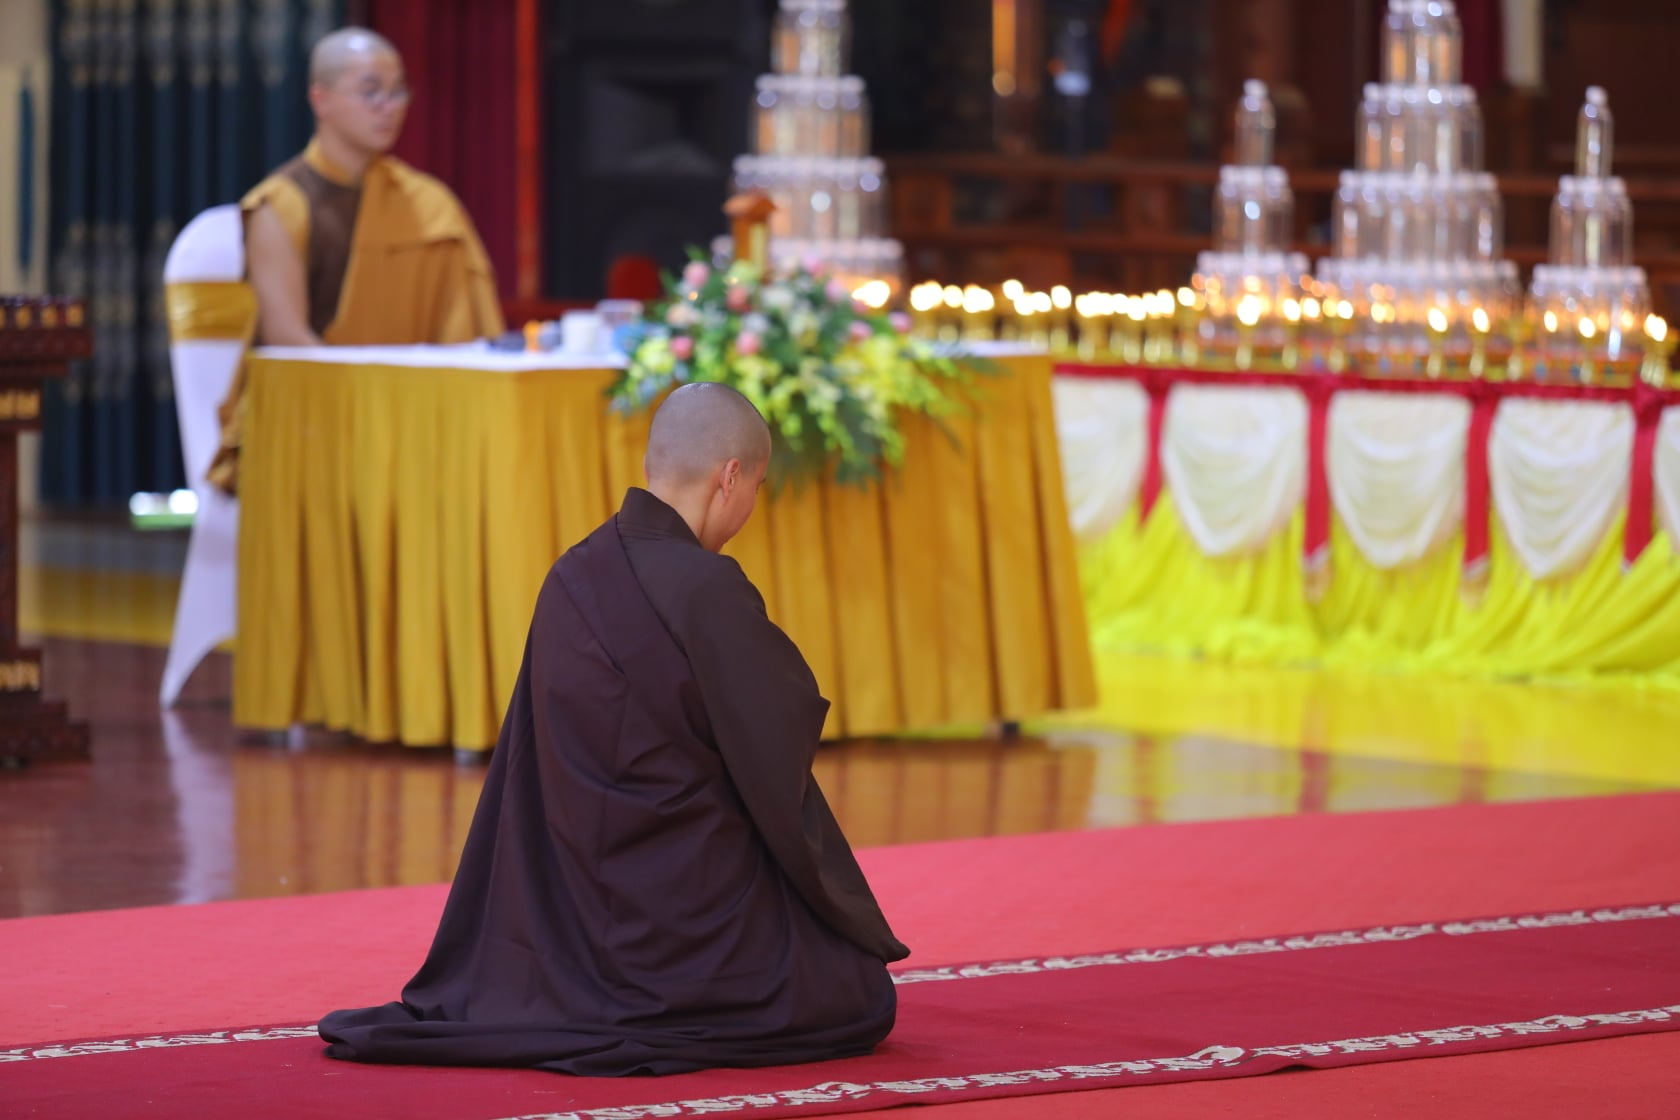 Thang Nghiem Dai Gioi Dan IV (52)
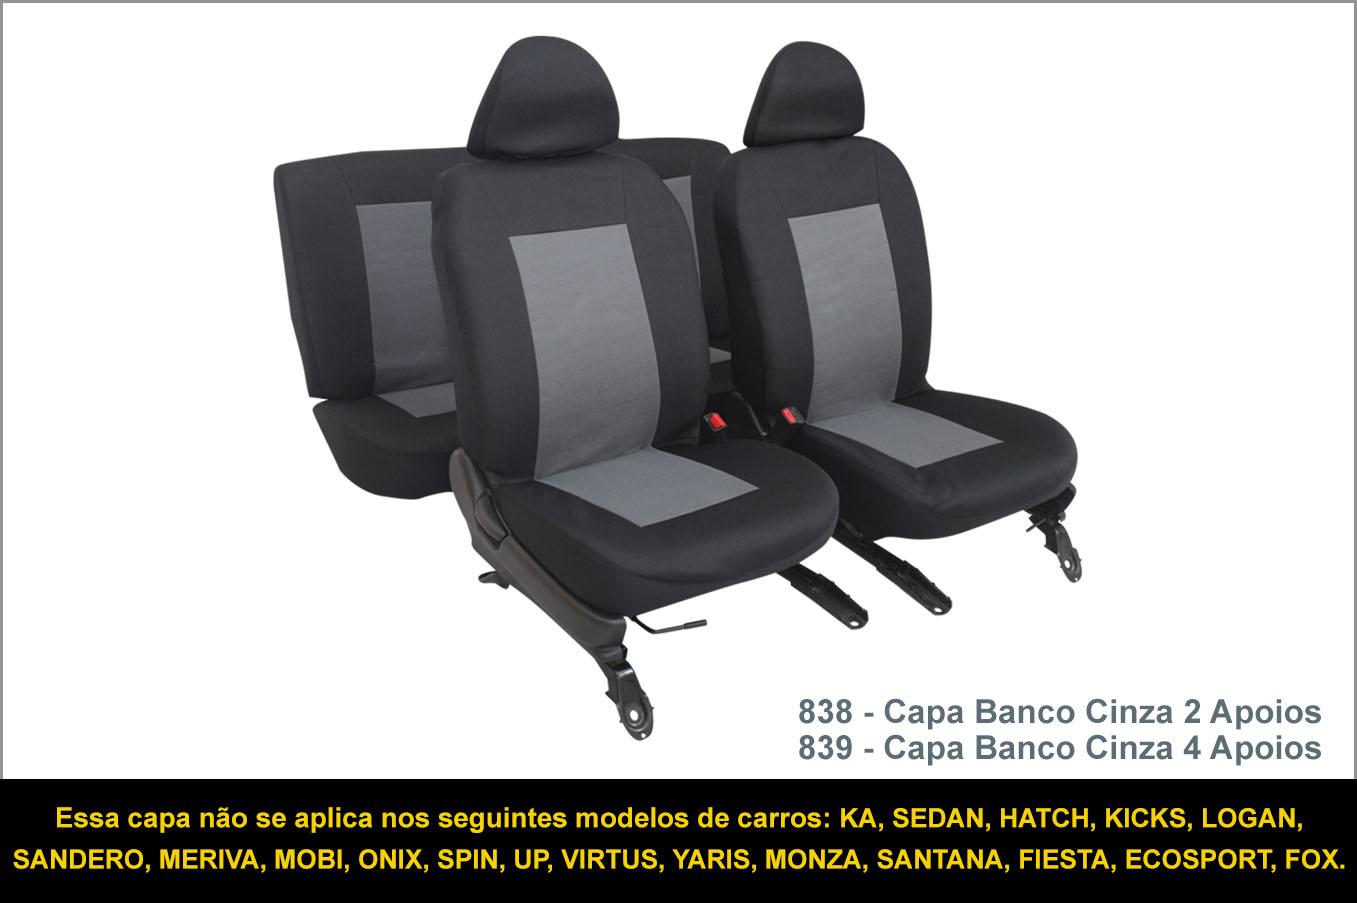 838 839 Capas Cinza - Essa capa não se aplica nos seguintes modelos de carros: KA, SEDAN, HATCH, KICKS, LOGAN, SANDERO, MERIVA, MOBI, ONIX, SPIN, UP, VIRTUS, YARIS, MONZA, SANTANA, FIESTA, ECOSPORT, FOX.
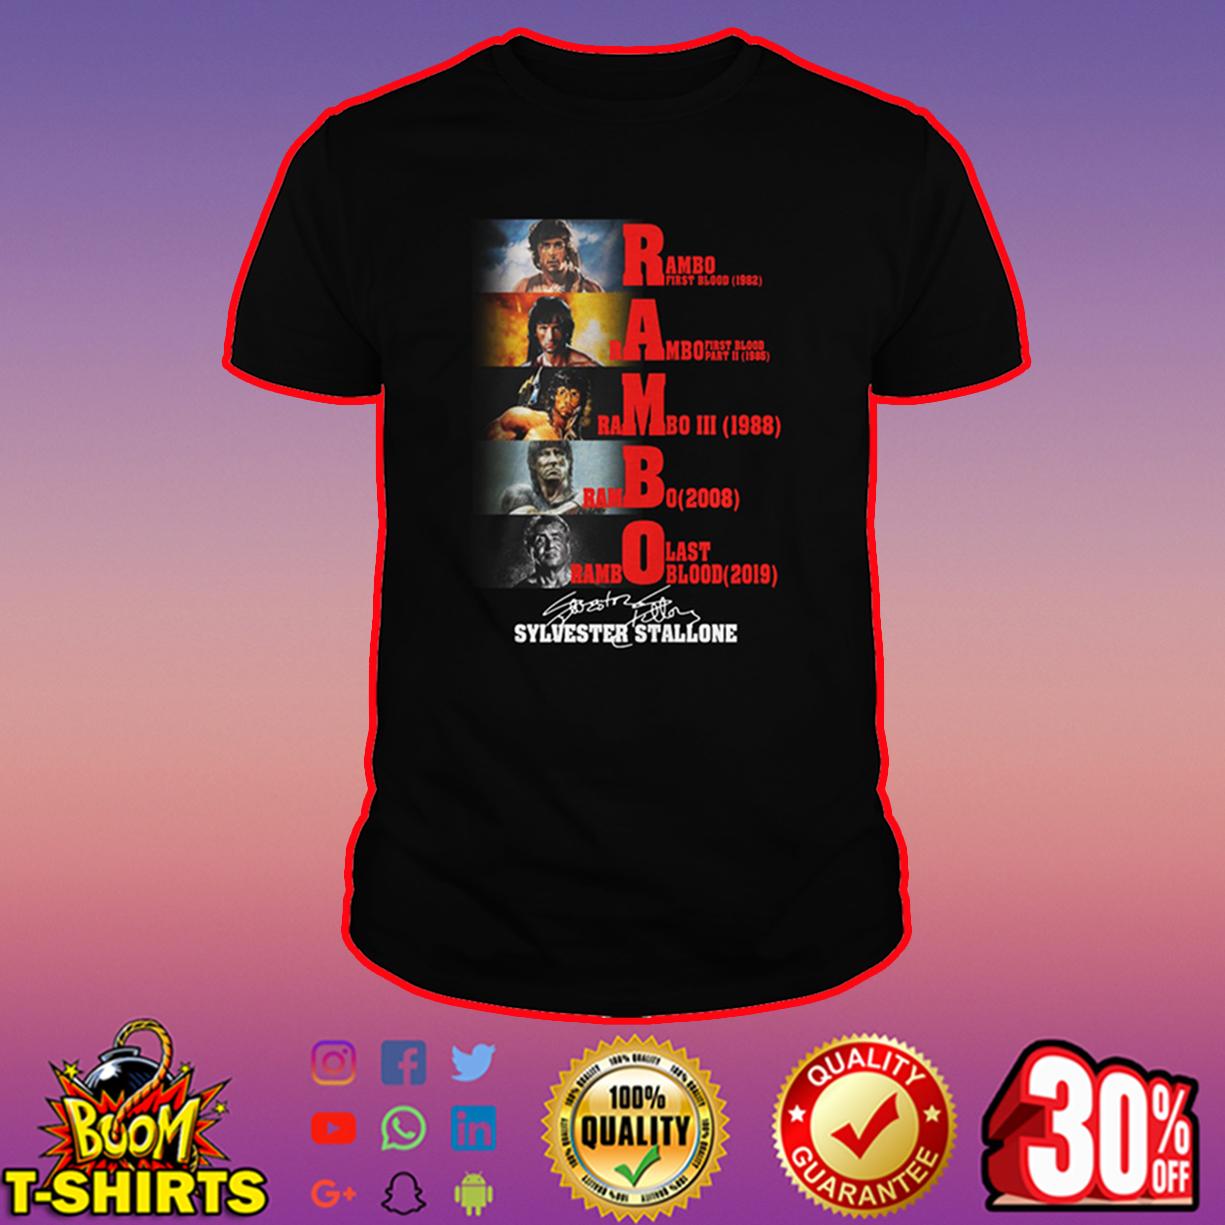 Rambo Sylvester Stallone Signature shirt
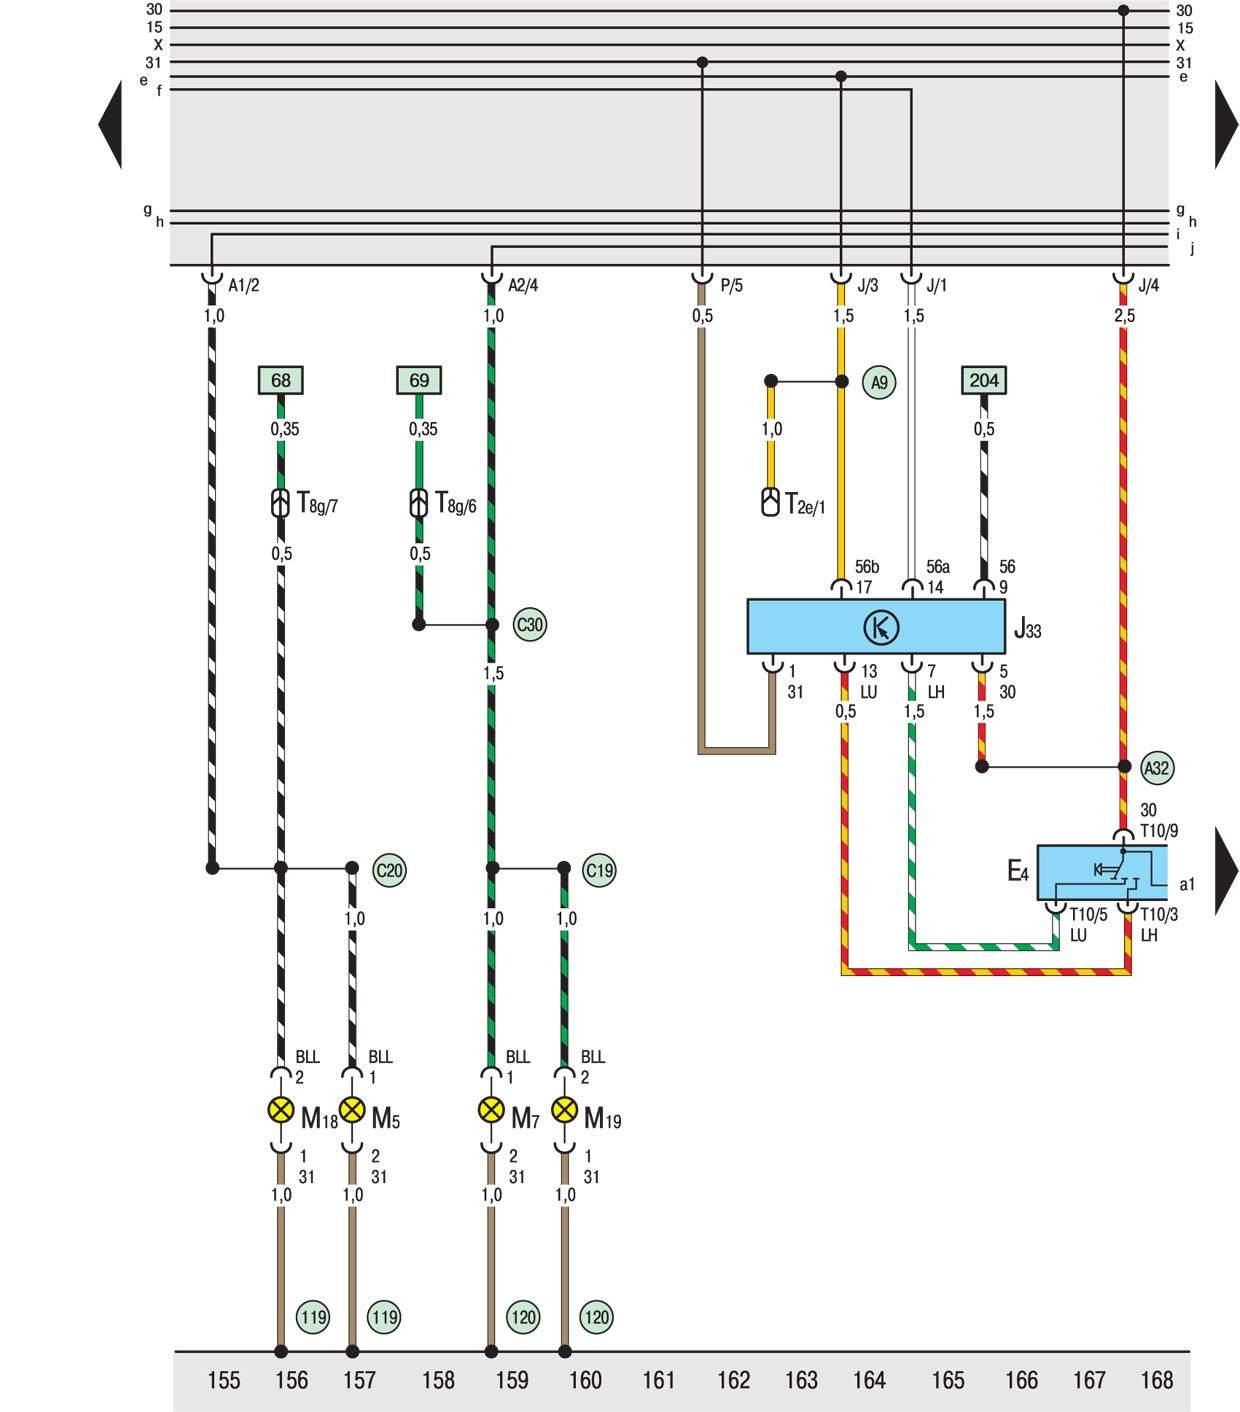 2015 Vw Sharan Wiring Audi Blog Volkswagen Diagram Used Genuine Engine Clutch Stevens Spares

EXERCISE DETAILS:
Copy out the listing above exactly, and keep the pictures out of it.

OUTPUT:
 Thang Nghiem Dai Gioi Dan IV (52)
 838 839 Capas Cinza - Essa capa não se aplica nos seguintes modelos de carros: KA, SEDAN, HATCH, KICKS, LOGAN, SANDERO, MERIVA, MOBI, ONIX, SPIN, UP, VIRTUS, YARIS, MONZA, SANTANA, FIESTA, ECOSPORT, FOX.
 Rambo Sylvester Stallone Signature shirt
 2015 Vw Sharan Wiring Audi Blog Volkswagen Diagram Used Genuine Engine Clutch Stevens Spares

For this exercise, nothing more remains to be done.